[tomato] Charles Rick's collection
Thoswagner@aol.com (Tomato@GlobalGarden.com)
Sun, 12 Sep 1999 00:41:03 EDT
I was emailing Doreen privately about Dr. Rick's tomatoes at Davis,
California. I related to Doreen that I try to visit the greenhouse/field
plantings to gather insight to breeding material for my breeding program.
Much of the wild species there are difficult to use directly with cultivated
tomatoes. Lycopersicon pimpinellifolium is one exception and I took note of
one vine that had ripe sweet tomatoes of 1 cm or less. The L. hirsutum were
fruitless in the field but very attractive vines. In the greenhouse, the
same lines had to be sib mated to form fruit. I made field notes of
esculentum types with neat mutations that I wanted for my heirloom breeding.
The wild tomato species that I observed were:
L. cheesmanii
L. chilense
L. chmielewskii
L. hirsutum
L. parviflorum
L. pennellii
L. peruvianum
L. pimpinellifolium
S. juglandifolium
S. lycopersicoides
S. ochranthum
S. sitiens
I was impressed with several years old plants of S. ochrnthum and L.
hirsutum. They looked like trees.

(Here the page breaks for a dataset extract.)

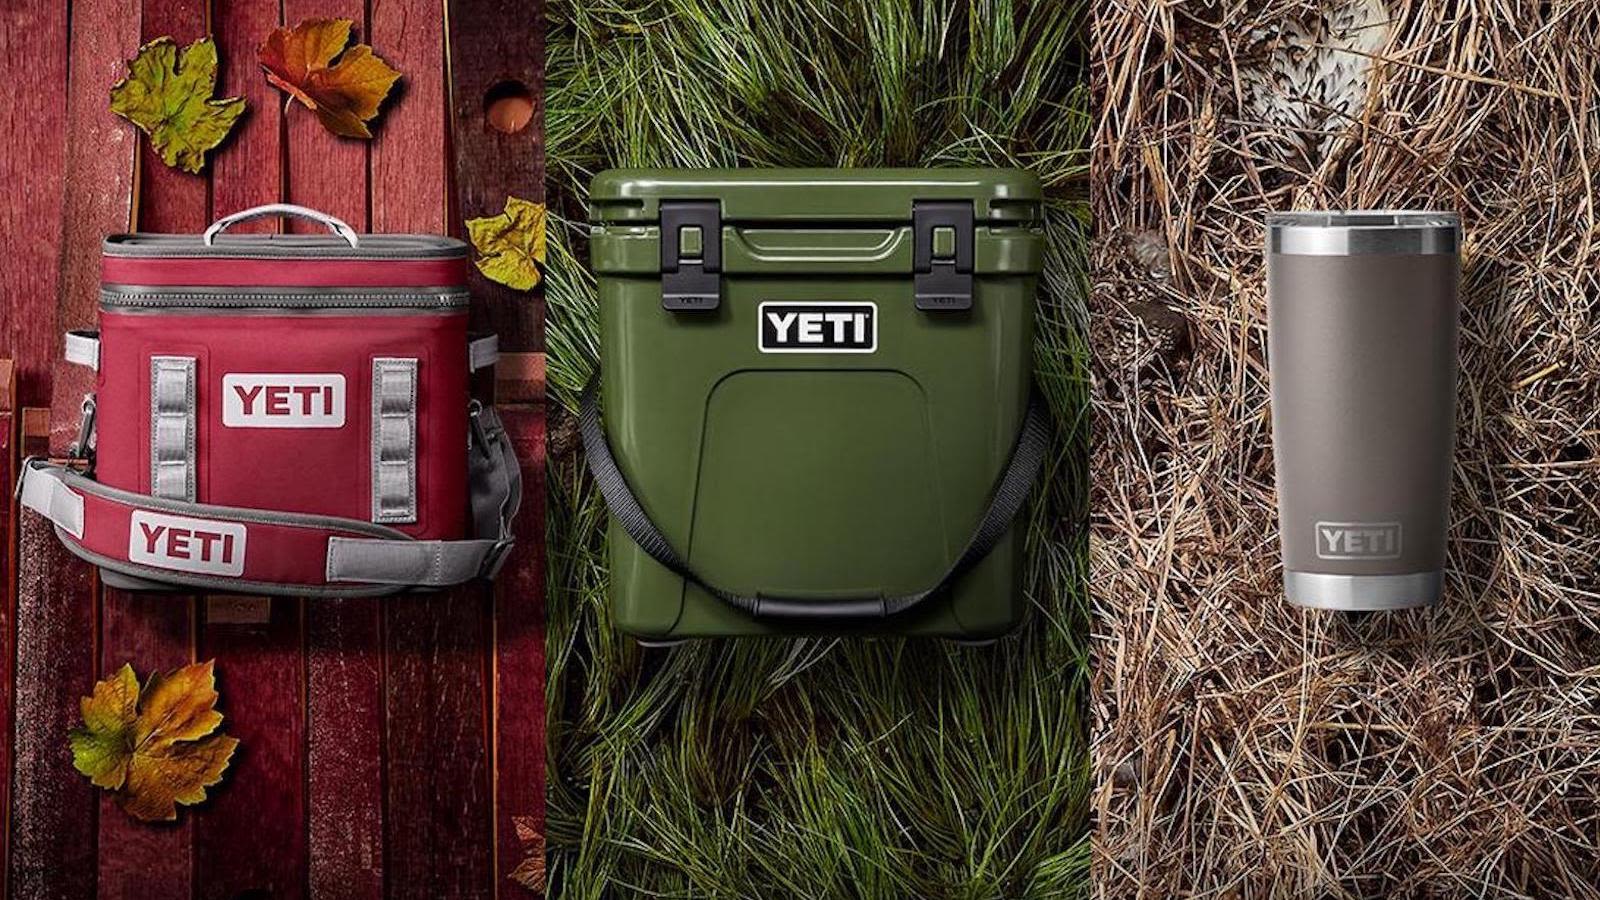 Wish list for wine lovers: YETI's new 'harvest red' collection for
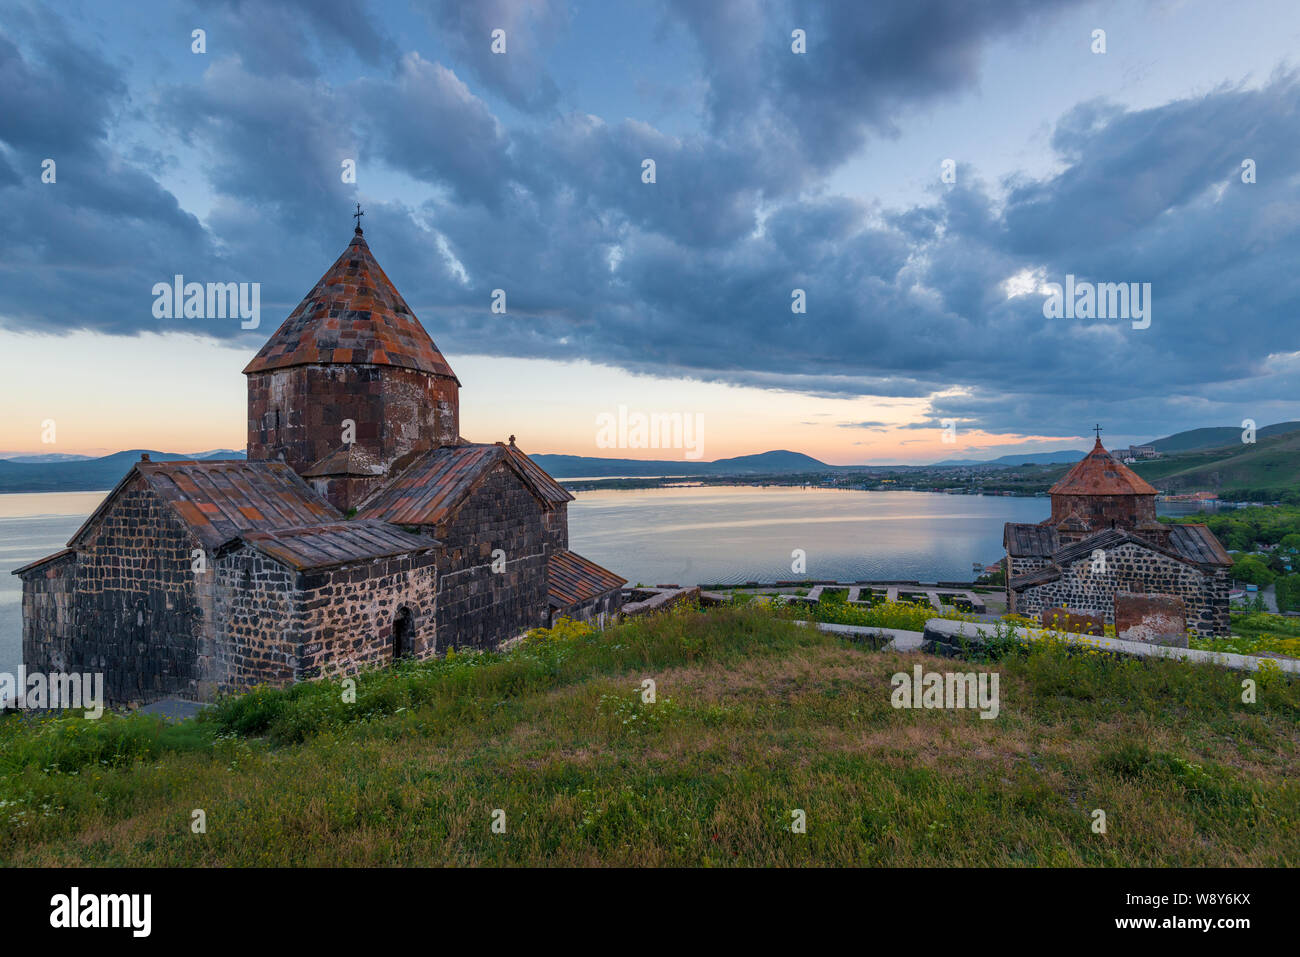 Dramatic view of the sights of Armenia - Lake Sevan and the monastery of Sevanavank at sunset Stock Photo

I was telling the young lady in charge of
the one greenhouse that both make great root stalks in grafting to esculentum
cuttings. I could keep the plants going for years here in the southern San
Joaquin Valley. All that one would need to do is to prune back to a nub each
fall like grape vines. The root stalks should live for many years if the
frost is not bad, or protected somewhat.